Why can't we just take what is upstream instead?

Diverging from that ALWAYS ends up being more work and problems in the
end.  Only do so if you have no other choice.

thanks,

greg k-h
Re: [PATCH v6.13] fs/netfs/read_pgpriv2: skip folio queues without `marks3`
Posted by Max Kellermann 12 months ago
On Tue, Feb 11, 2025 at 7:30 AM Greg KH <gregkh@linuxfoundation.org> wrote:

> > Note this patch doesn't apply to v6.14 as it was obsoleted by commit
> > e2d46f2ec332 ("netfs: Change the read result collector to only use one
> > work item").
>
> Why can't we just take what is upstream instead?
>
> Diverging from that ALWAYS ends up being more work and problems in the
> end.  Only do so if you have no other choice.

Usually I agree with that, and I trust that you will make the right decision.

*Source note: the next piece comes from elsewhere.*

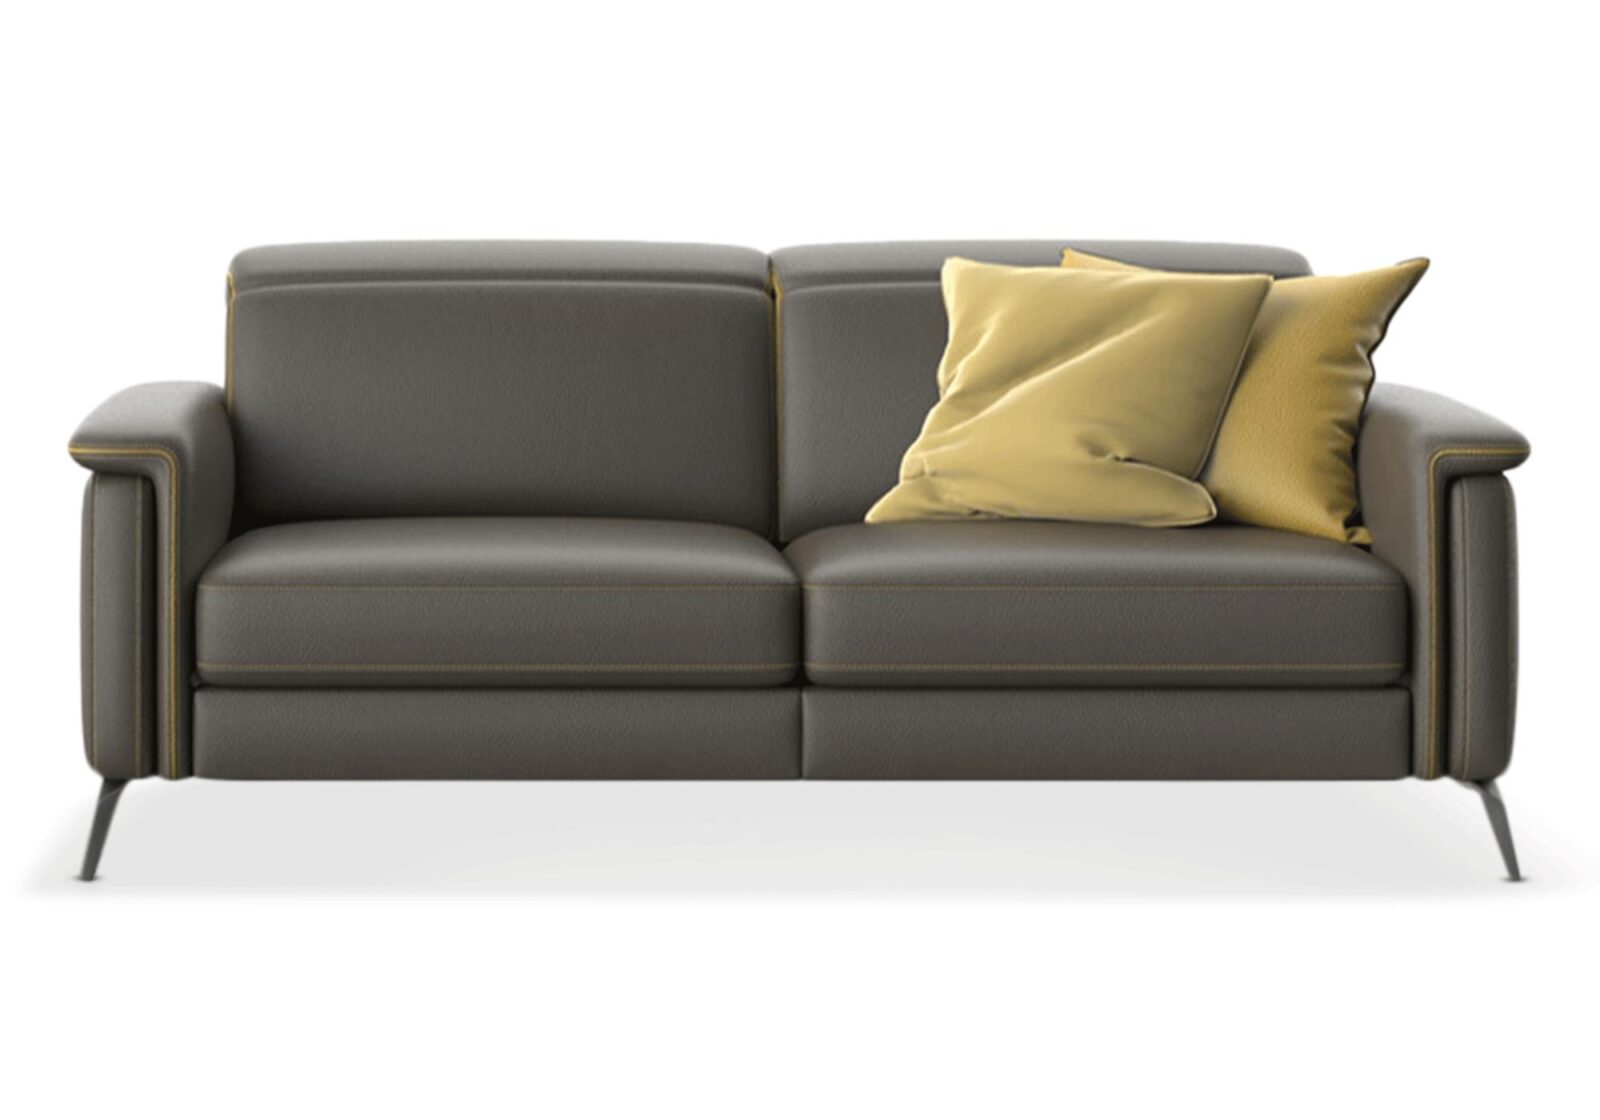 3er Sofa Sunset mit Kontrastnaht. Bezug: Leder. Farbe: Anthrazit  Absetzung gelb. Erhältlich bei Möbel Gallati.

Before you decide, let me point out that netfs has been extremely
unstable since 6.10 (July 2024), ever since commit 2e9d7e4b984a ("mm:
Remove the PG_fscache alias for PG_private_2). All of our web servers
have been crashing since 6.10 all the time (see
https://lore.kernel.org/netfs/CAKPOu+_DA8XiMAA2ApMj7Pyshve_YWknw8Hdt1=zCy9Y87R1qw@mail.gmail.com/
for one of several bug reports I posted), and I went through
considerable trouble by resisting the pressure from people asking me
to downgrade to 6.6. (I want the bugs fixed, I don't want to go back.)
For several months, 6.12 had been crashing instantly on boot due to
yet another netfs regression
(https://lore.kernel.org/netfs/CAKPOu+_4m80thNy5_fvROoxBm689YtA0dZ-=gcmkzwYSY4syqw@mail.gmail.com/)
which wasn't fixed until 6.12.11, so our production servers are still
on 6.11.11 today.
Before these bugs got ironed out, v6.11 commit ee4cdf7ba857 ("netfs:
Speed up buffered reading") wreaked more havoc, leading to 8 "Fixes"
commits so far, plus the 2 I posted yesterday.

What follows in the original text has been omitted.